The choice between building a specific or a shared response selector model is use-case driven. If utterances in a particular retrieval intent are very domain specific, for example FAQ-related questions, it might not make much sense to learn a shared embedded representation with generic words coming from intents like chitchat and greeting. Your specific model may even perform better with different set of parameters than the ones used for the shared model. For example, the training may improve when using balanced batching as the batching strategy if you have much more data for some FAQs than for others.

We wanted developers to have this flexibility to try and test what works best for them. In our experiments, building a shared response selector model for all retrieval intents yielded similar results when compared to having individual models for each of them. If you observe different results please share them with us on the forum.

Why is the feature experimental?

With the introduction of response selector and retrieval actions, we came up with a new approach to tackle single-turn interactions. The training data format doesn't completely support end-to-end training but is still a step in that direction. Also, the response selector component lies at the intersection of Rasa NLU and Core. Although we believe end-to-end training is an exciting area to progress in, we want to receive enough feedback from the community on the overall developer experience, performance of the model, and the functionality itself before we take it further. Hence, we plan to keep the feature experimental for now.
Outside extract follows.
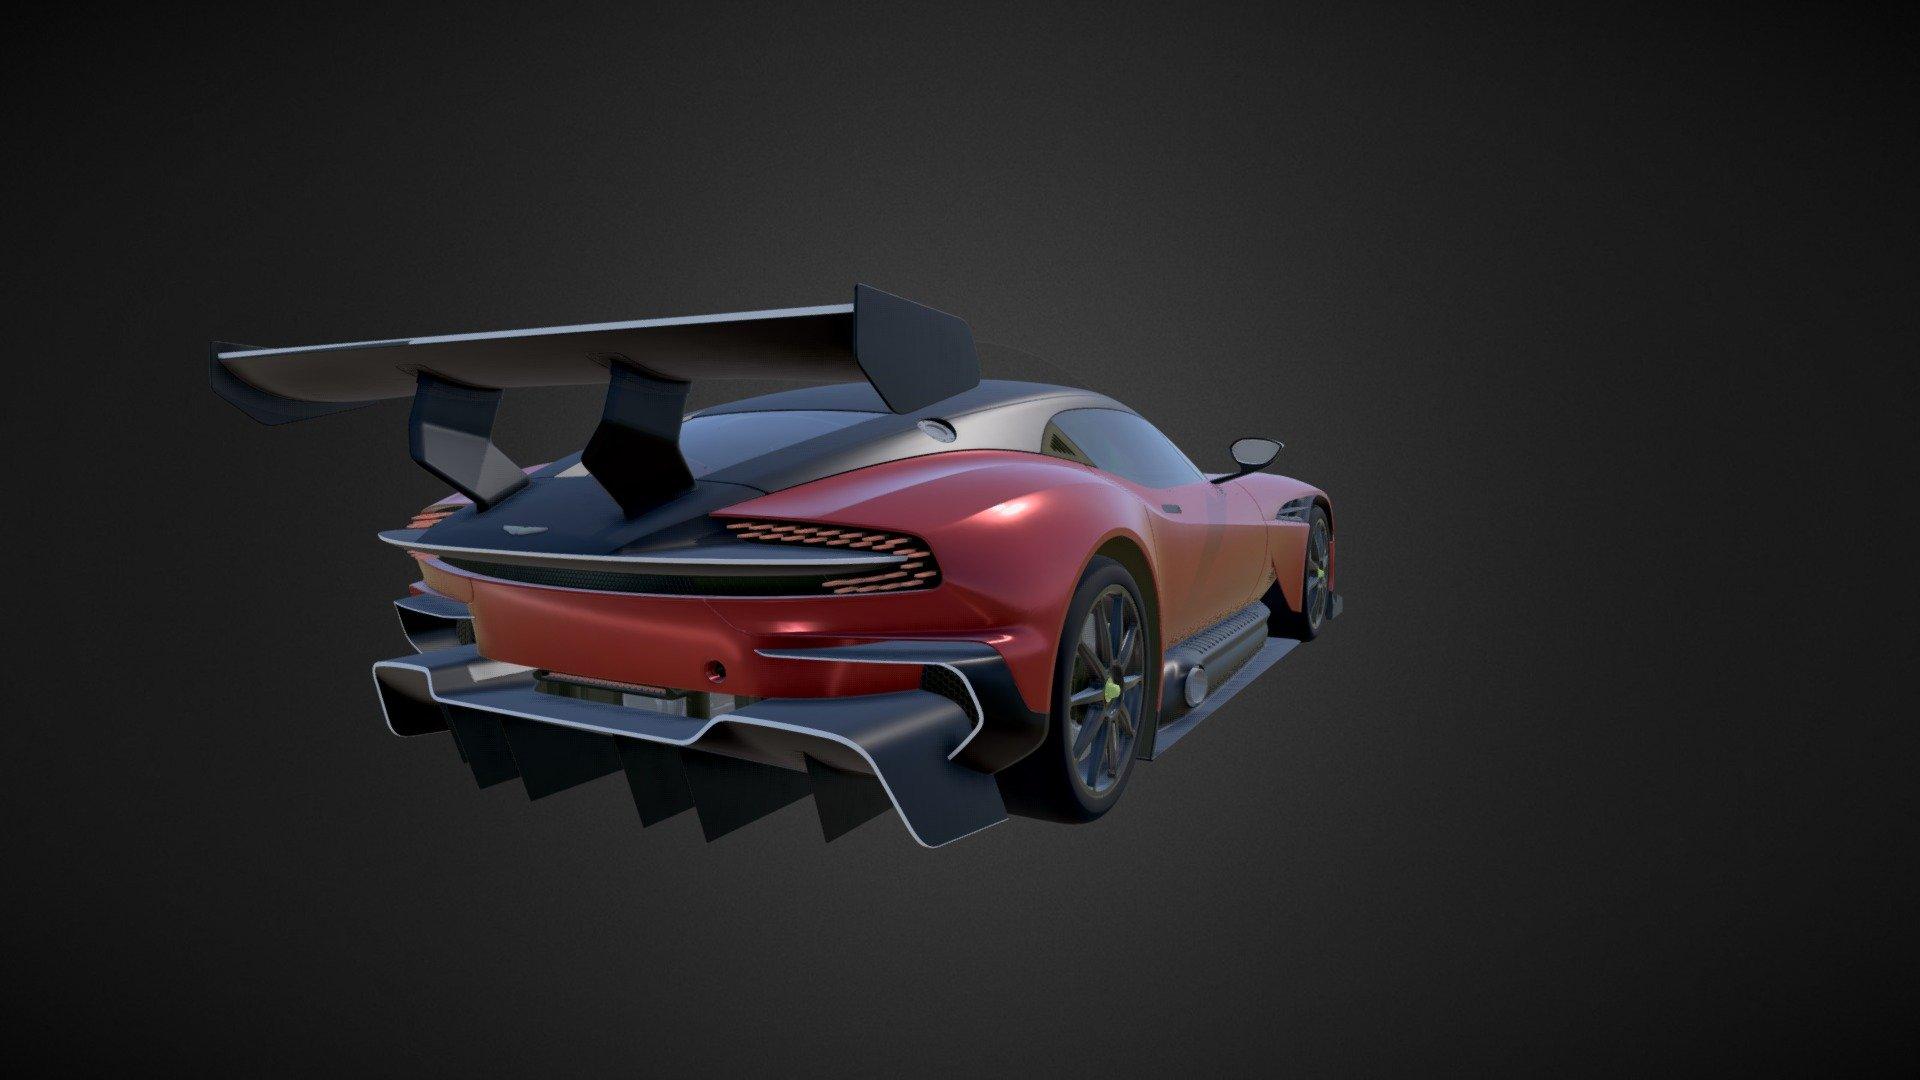 Aston Martin Vulcan Buy Royalty Free 3d Model By Evodelize Evodelize Dc7d9c8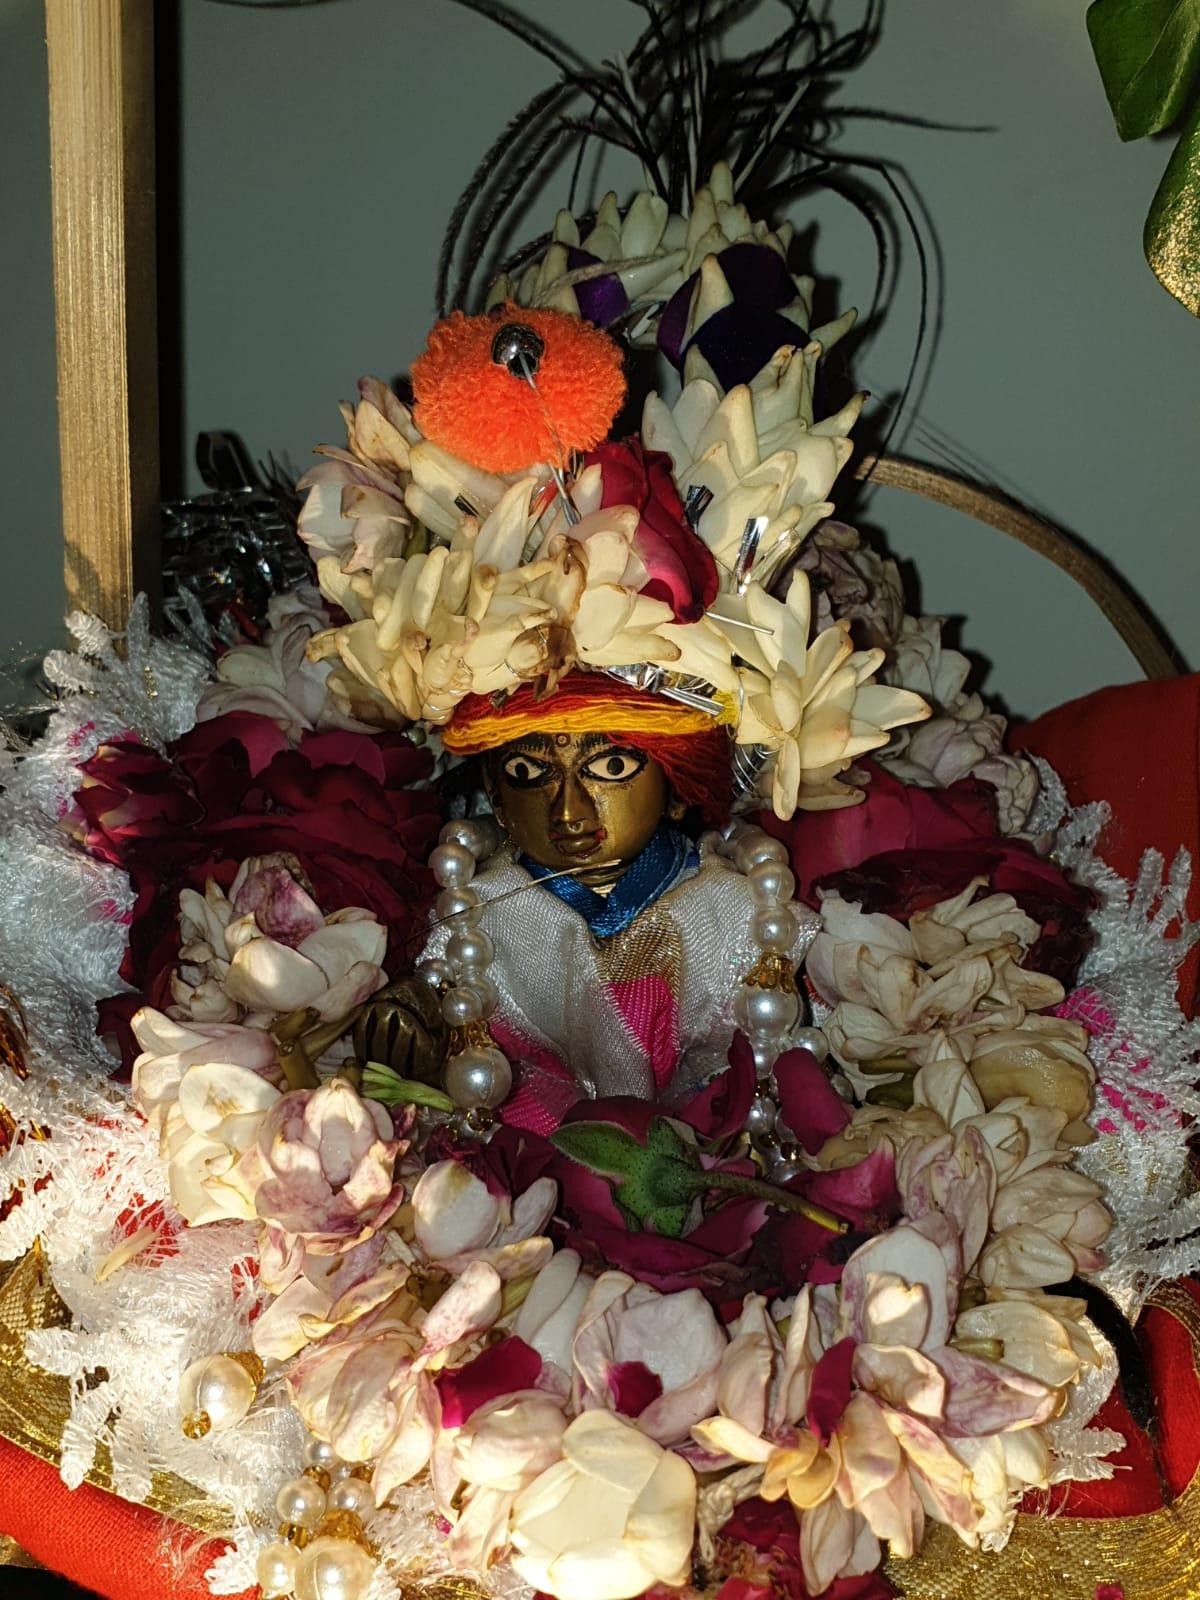 Excellent information about Bhagwan Shri Krishna

This means that the functionality may be changed or removed based on the feedback we receive.

Conclusion

We now have a completely new way of handling single-turn interactions in Rasa assistants. Also, since the feature is experimental, we encourage you to try it out and give feedback. If you are building bots with this new component or just testing it out, keep us posted on how it goes on the forum. We are excited to see what new interesting use cases you build with this component!